Even if this splits the internet it will be worth it because a fully corpratized internet is as wortheless and democracy destroying as sponsor driven cable TV. We don’t need a corporate curated net. Bring on the SAFE disruption to end the corporate and corporate state cooptation!
I’ve got to fundamentally disagree with you there Warren. A global internet, is all things considered a really hard market to “Dominate” in a cronyist manner. A national or regional internet is Much Much easier to do the same thing to.
One of the greatest strengths of the internet is that we deal everyday with persons or entities who are under different jurisdictions. We are not limited to people bound under the same laws which we have for good or bad.
If that changes, I don’t think it will be a good thing.
I know the Internet is man’s greatest achievement, as great as language, the one to unify the globe and our best chance for peace. But stand by. Amazon is refusing to contine to sell Google’s Chrome Cast and Apple TV because despite being best sellers they interfere with Amazon’s walled garden plans. Amazon is not alone in the US with this mentality.
Because the US is money first I think they back down.
At the same time since the value control by money above all else if it looks like a so called trade war over their attempts to violate EU citizen’s privacy they probably back down while trying to insist they are right.
Over here the Washington consensus types see the net as a puppet spy network and means of social control and a way to help push stuff like the DMCA and SOPA/PIPA/CISPA/TPP. They will turn your EU internet into Fox News as they are trying to do in the US. They don’t even accept neutrality, they demand paid discrimnation and censorship instead. They convinced Americans that its necessary to give puppet media billions of dollars to elect someone which they use to fuel more lies. They are money first and people last. They think social control through money is a right they’ve earned through their frauds. They actually think its a post 911 world as if their 911 fraud happened to the EU too. But EU members especially France were always skeptical and now appear to be drawing a line on the abuse. Corbyn is right in pointing to Blair-Bush-Cameron as the terrorists. Were these agreements needed to track Bush, Blair Cameron’s money?

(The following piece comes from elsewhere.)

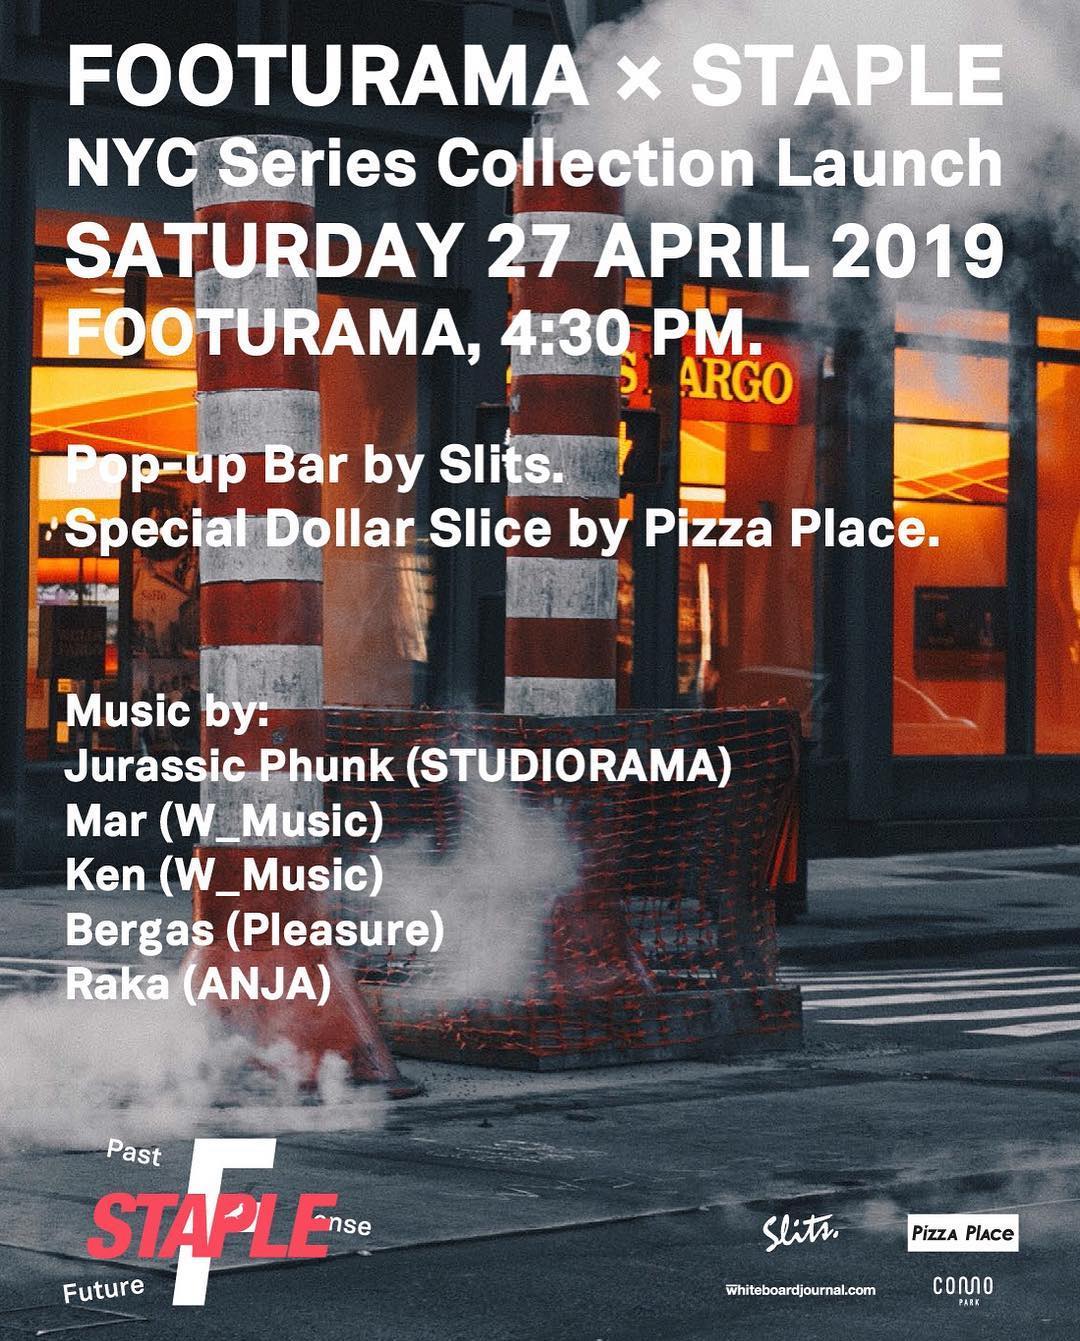 Footurama x Staple NYC Series Collection Launch - Whiteboard Journal
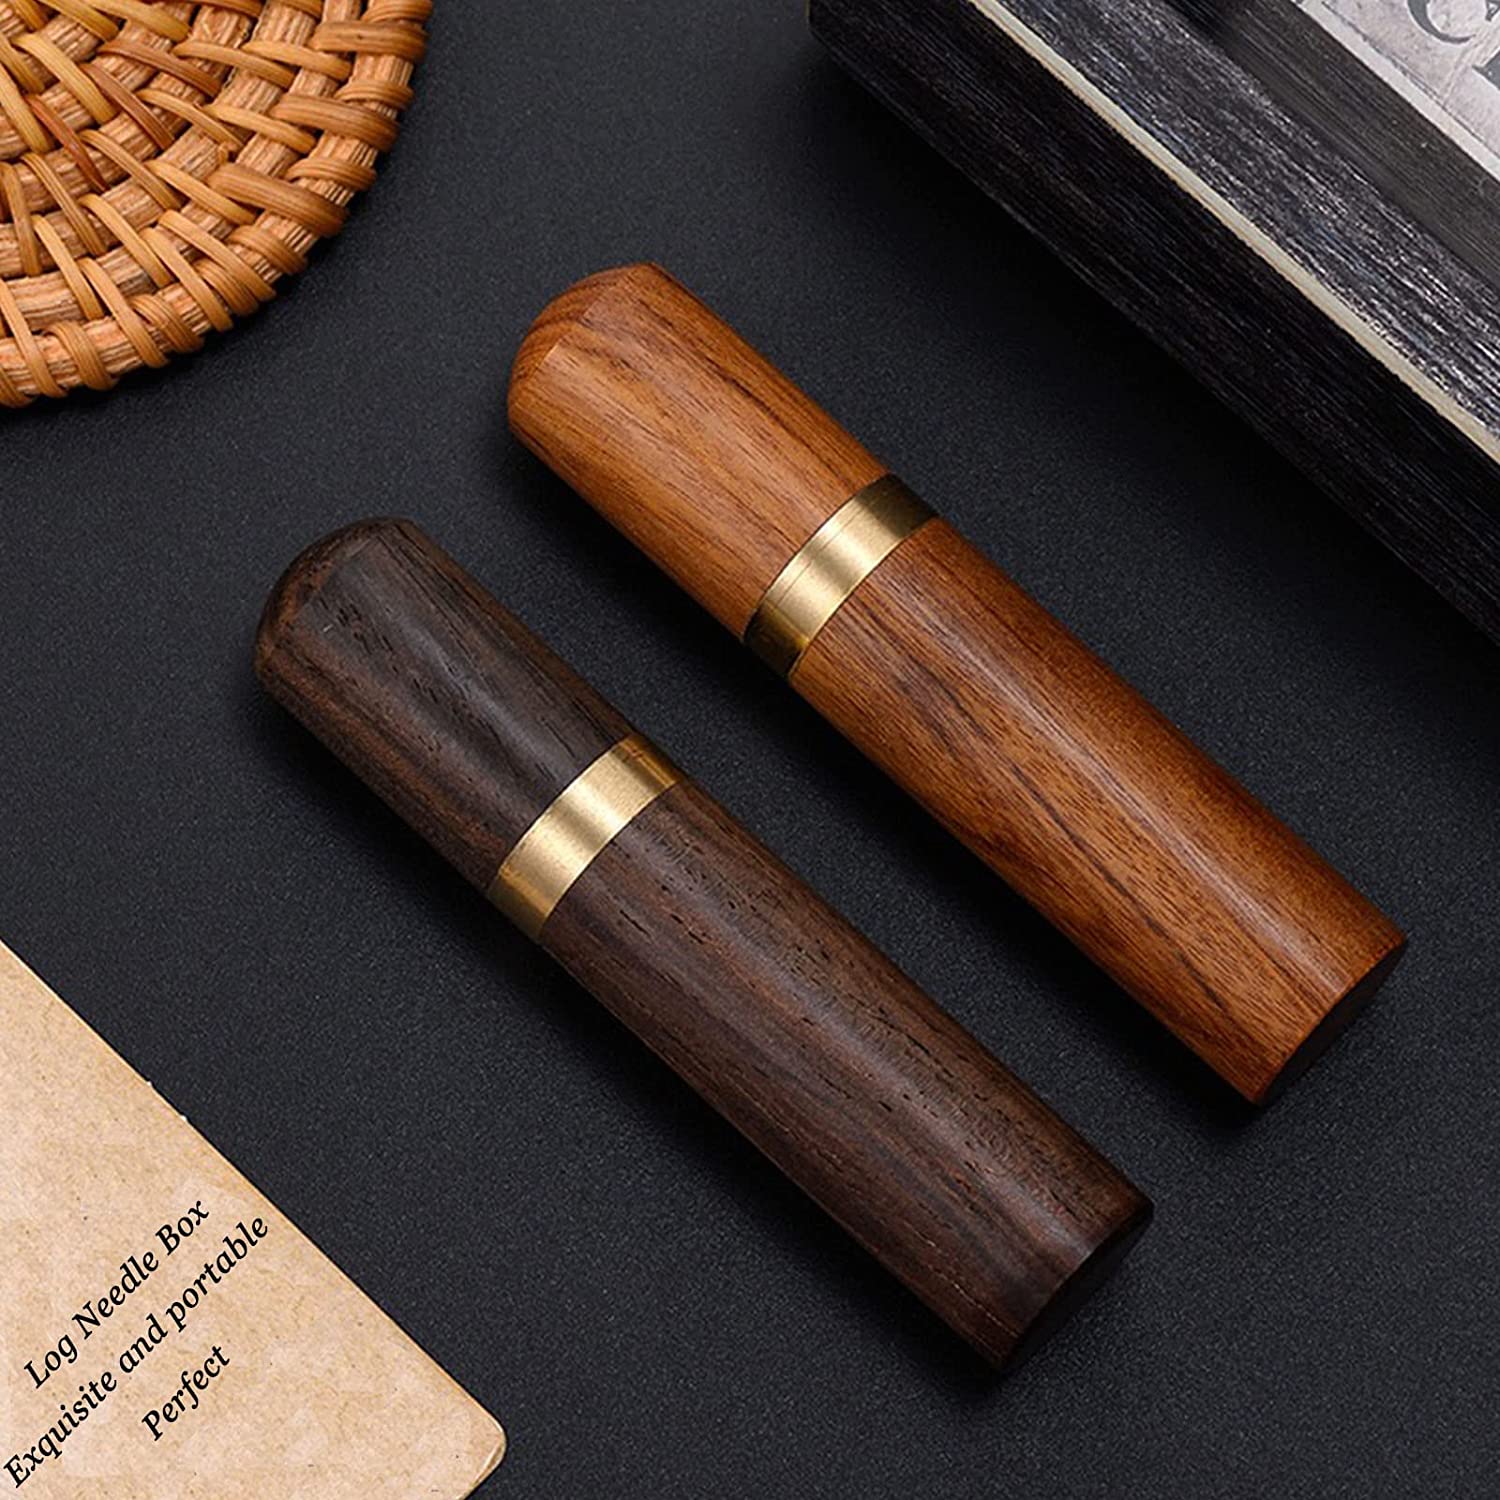 Rurah Portable Wooden Toothpick Holder Pocket Tooth Pick Holder Embroidery  Hand Sewing Needle Storage Case Container,Ebony

The US Right’s idea of the internet is command and control exploitation and you’re supposed to pay $100 plus a month for a slow connection with little upload bandwidth but regular increases and no choice of provider. Better to severe the gangrenous limb and replace it with SAFE.
Random pick: “did not have personal jurisdiction over the defendant”
If I am a US based company providing service to the world and I inform users that data is held in the US, I bet the US government would not enforce some bullshit lawsuit by some European resident.
Well, calling China undemocratic is not the same thing as offering goods or services to Chinese. This is the same principle that say California uses to regulate people living in Nevada (who sell goods to Californians), or New York uses to regulate all bitcoin services offered to its people.
Its a basic feature of the regulatory state, and is pretty well accepted by all the major economies. It may not be right or just or fair in some abstract sense, but it is the law for the 90% of the human race that lives in meaningful economies.